Records to use:
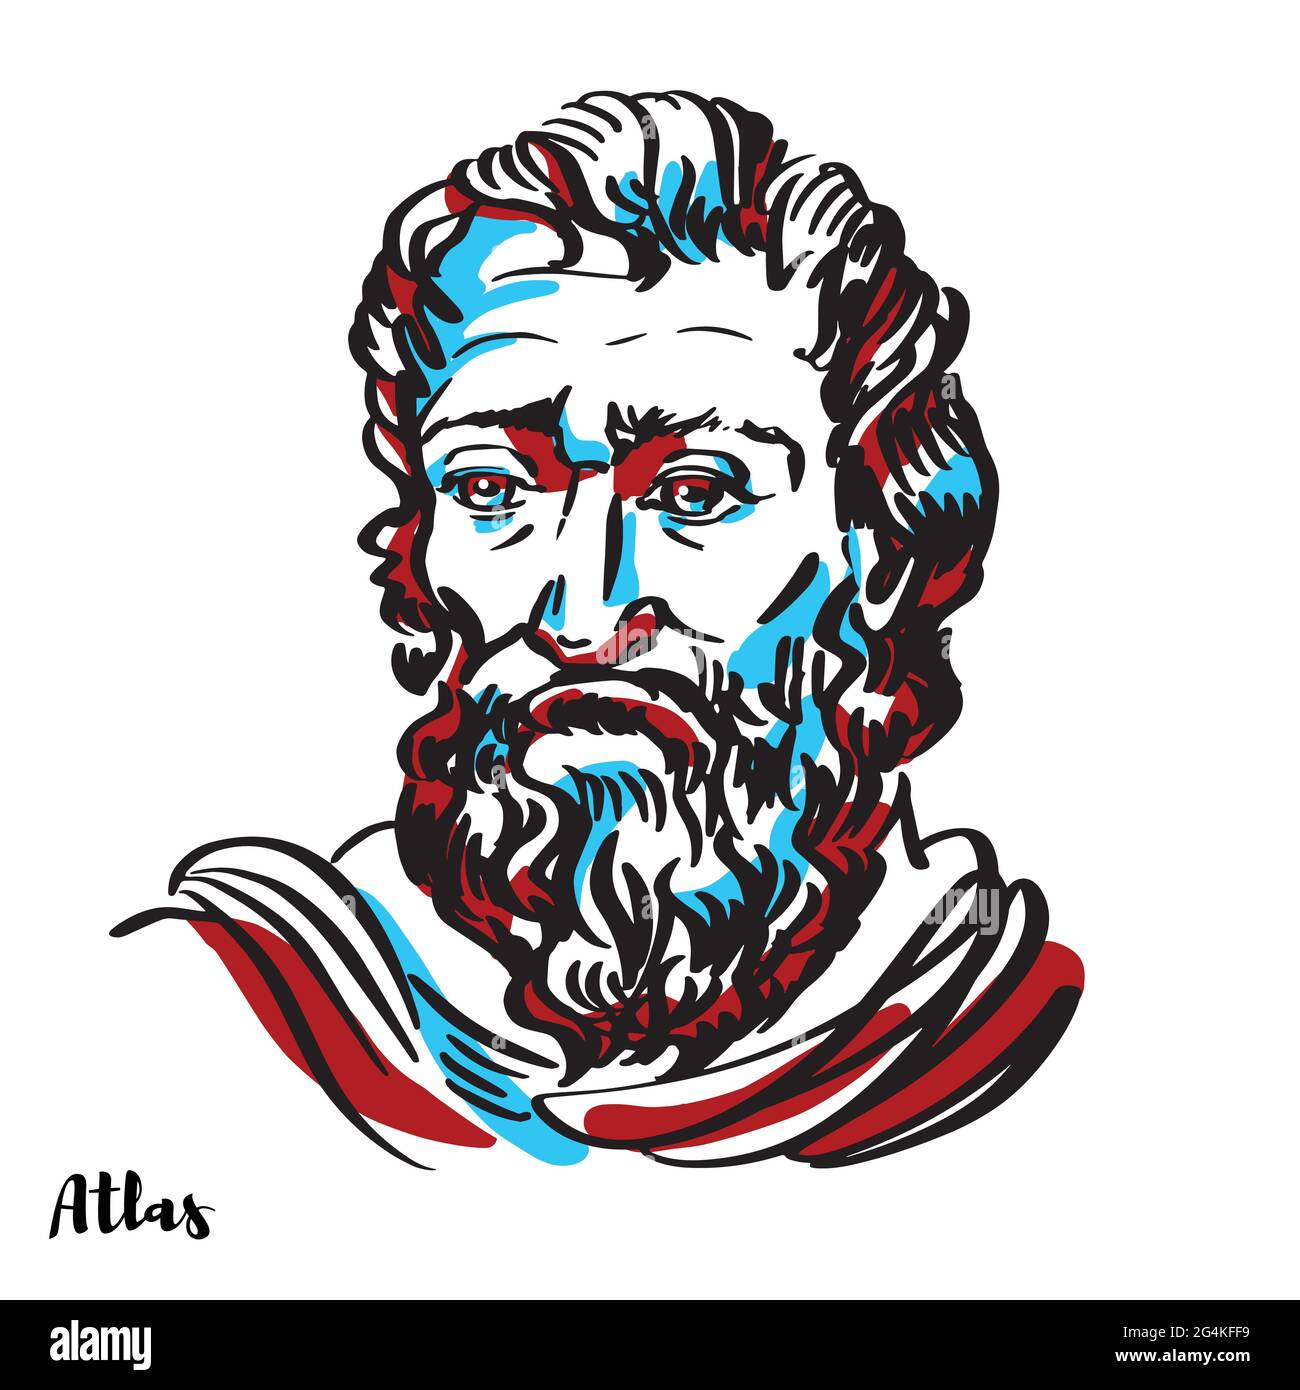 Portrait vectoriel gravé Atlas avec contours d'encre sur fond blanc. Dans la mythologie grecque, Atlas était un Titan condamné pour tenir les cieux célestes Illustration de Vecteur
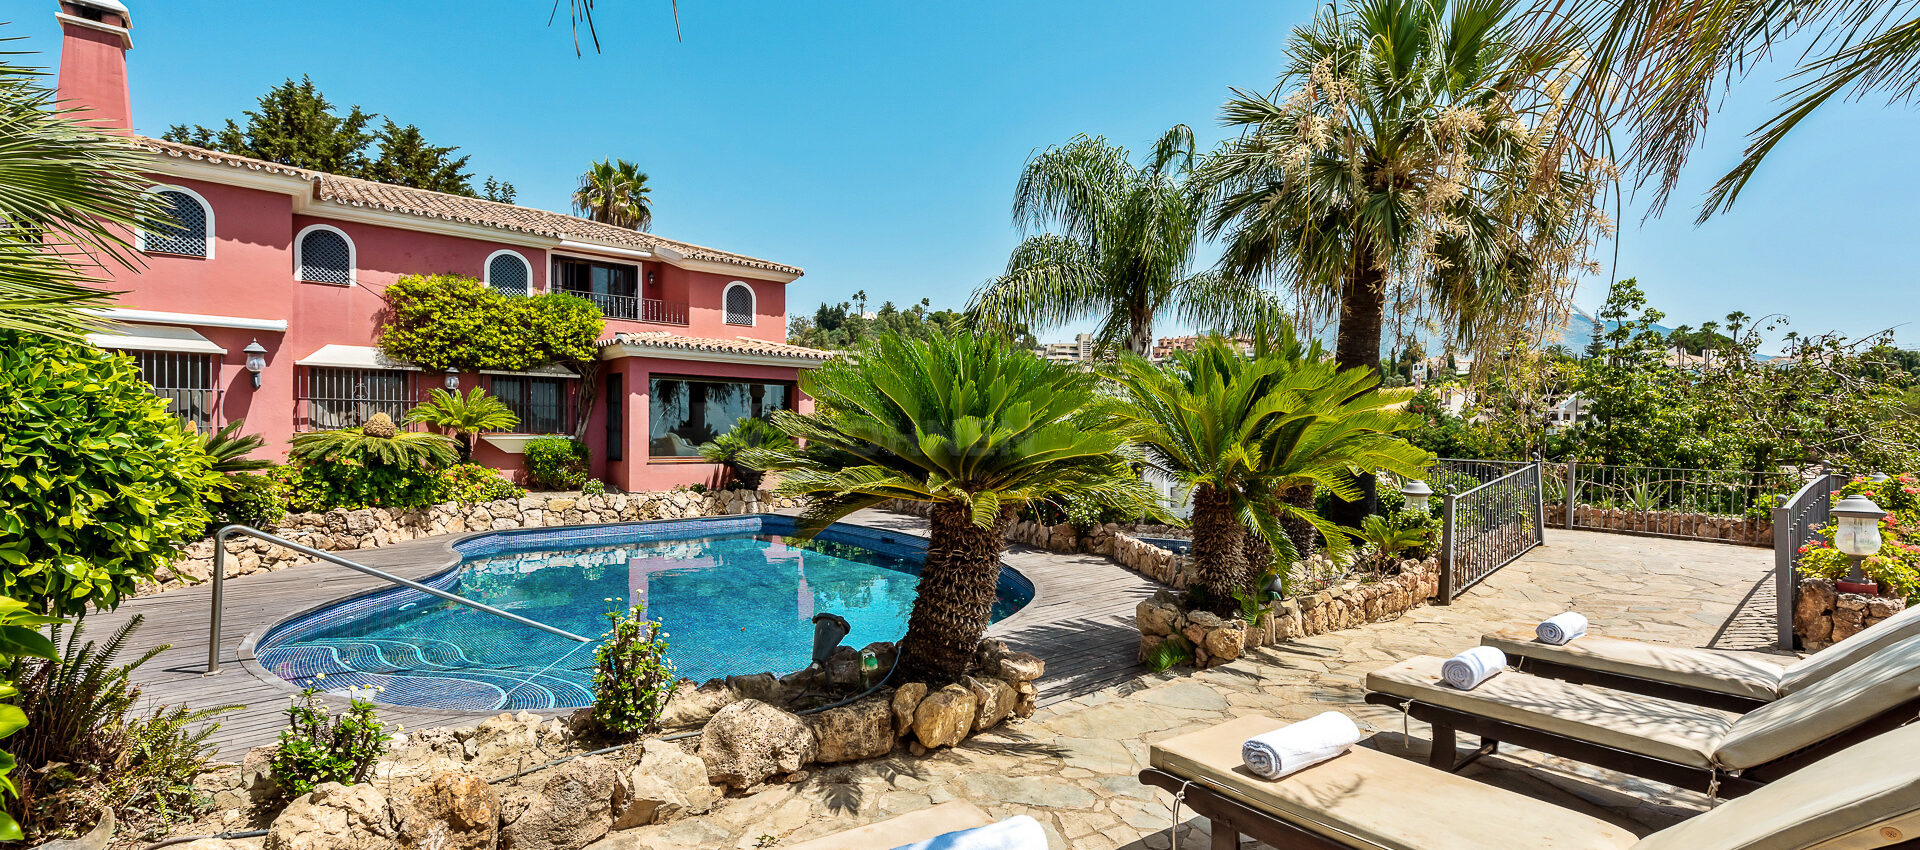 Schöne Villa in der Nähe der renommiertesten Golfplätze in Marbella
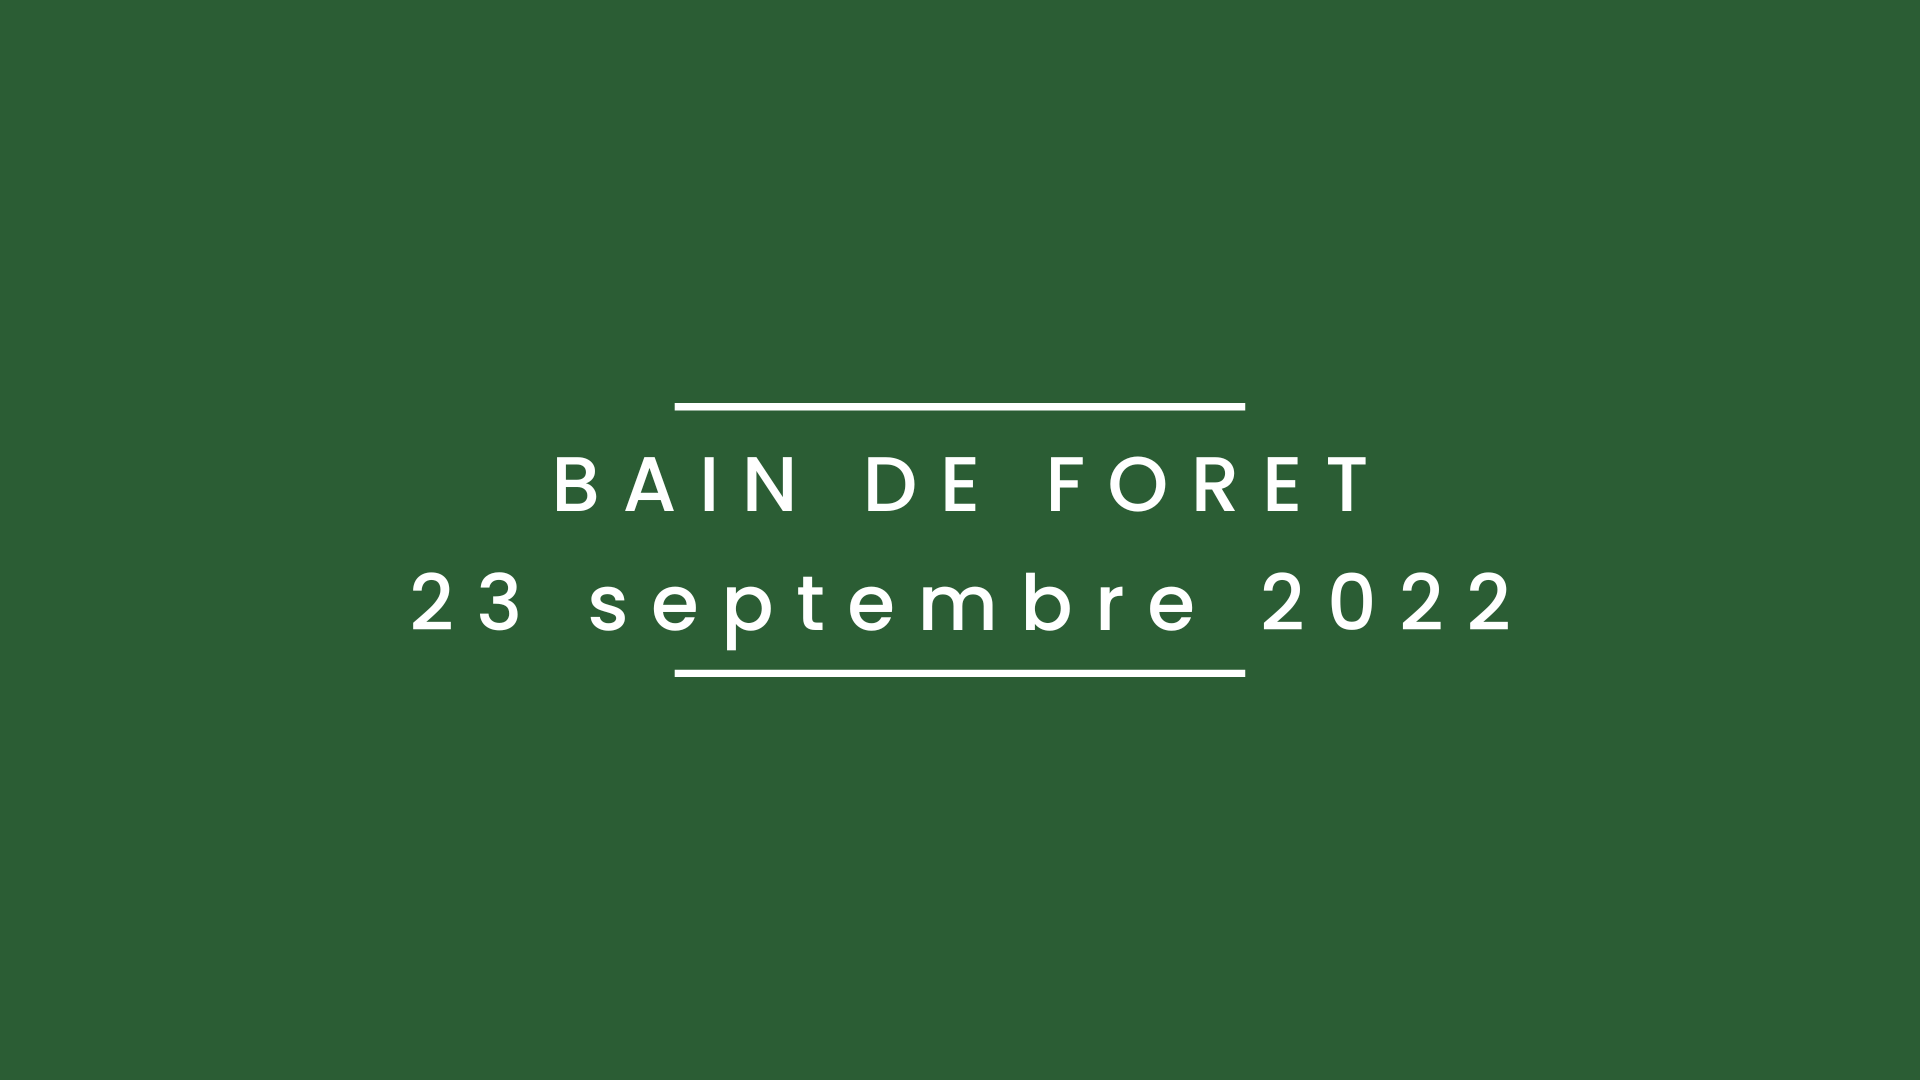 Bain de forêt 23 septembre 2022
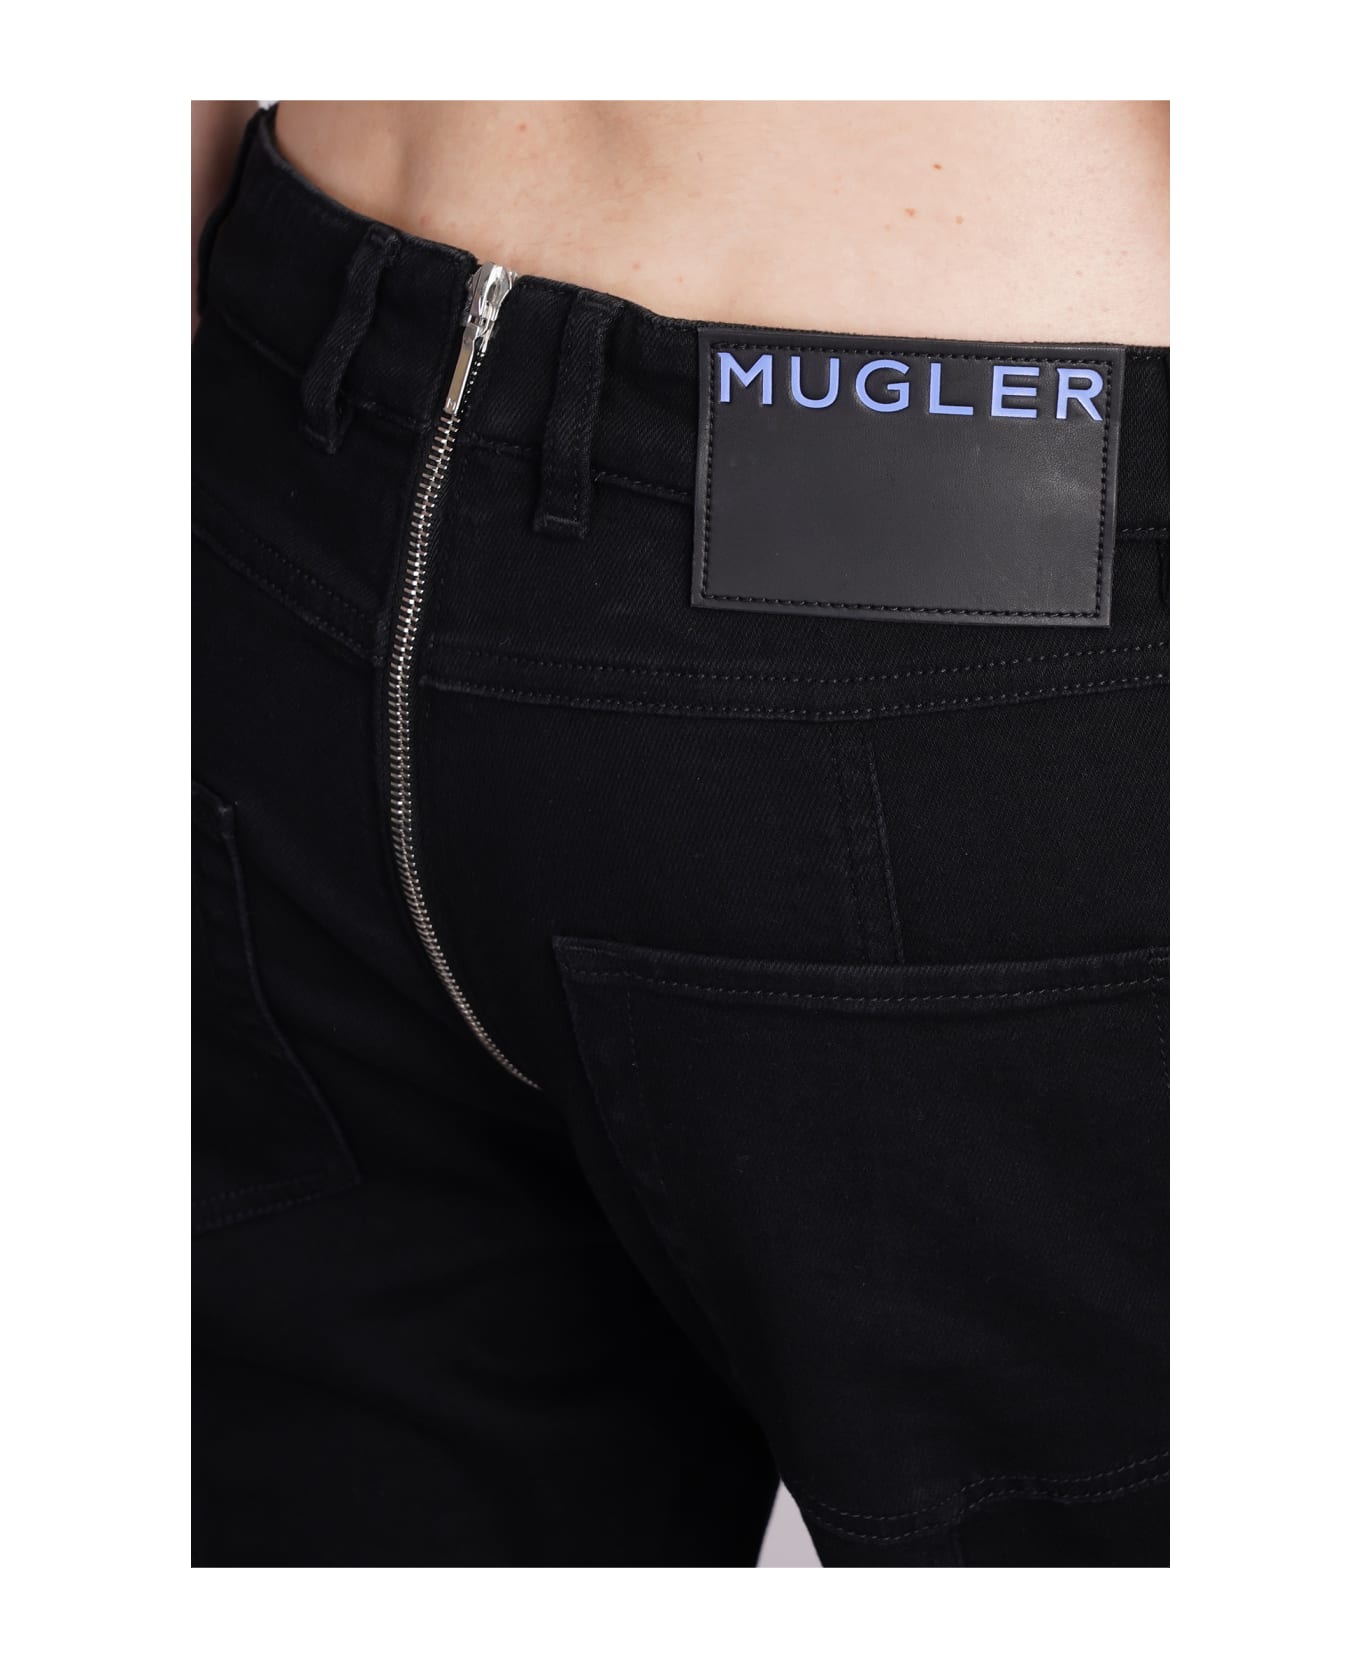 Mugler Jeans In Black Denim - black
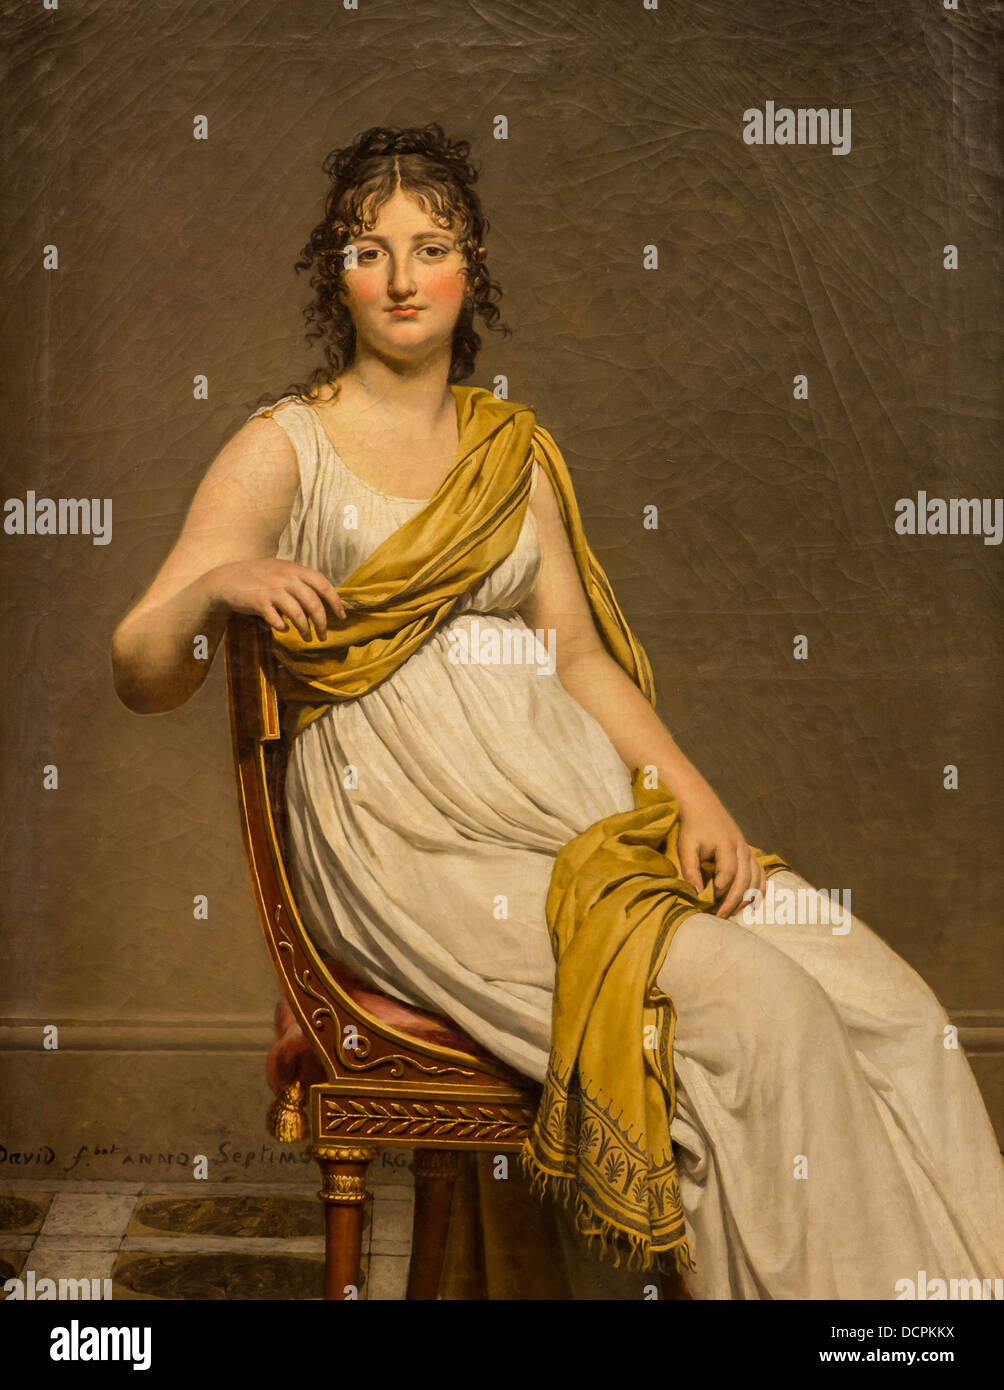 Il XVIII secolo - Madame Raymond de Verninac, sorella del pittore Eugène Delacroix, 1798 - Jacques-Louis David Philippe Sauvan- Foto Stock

What you are asked to do: An exact restatement of the lines from the one holding "Mugler Jeans In Black Denim - black" through the end of the entries, both ends included, is the whole answer. Pictures stay out.

Answer section:
 Mugler Jeans In Black Denim - black
 Il XVIII secolo - Madame Raymond de Verninac, sorella del pittore Eugène Delacroix, 1798 - Jacques-Louis David Philippe Sauvan- Foto Stock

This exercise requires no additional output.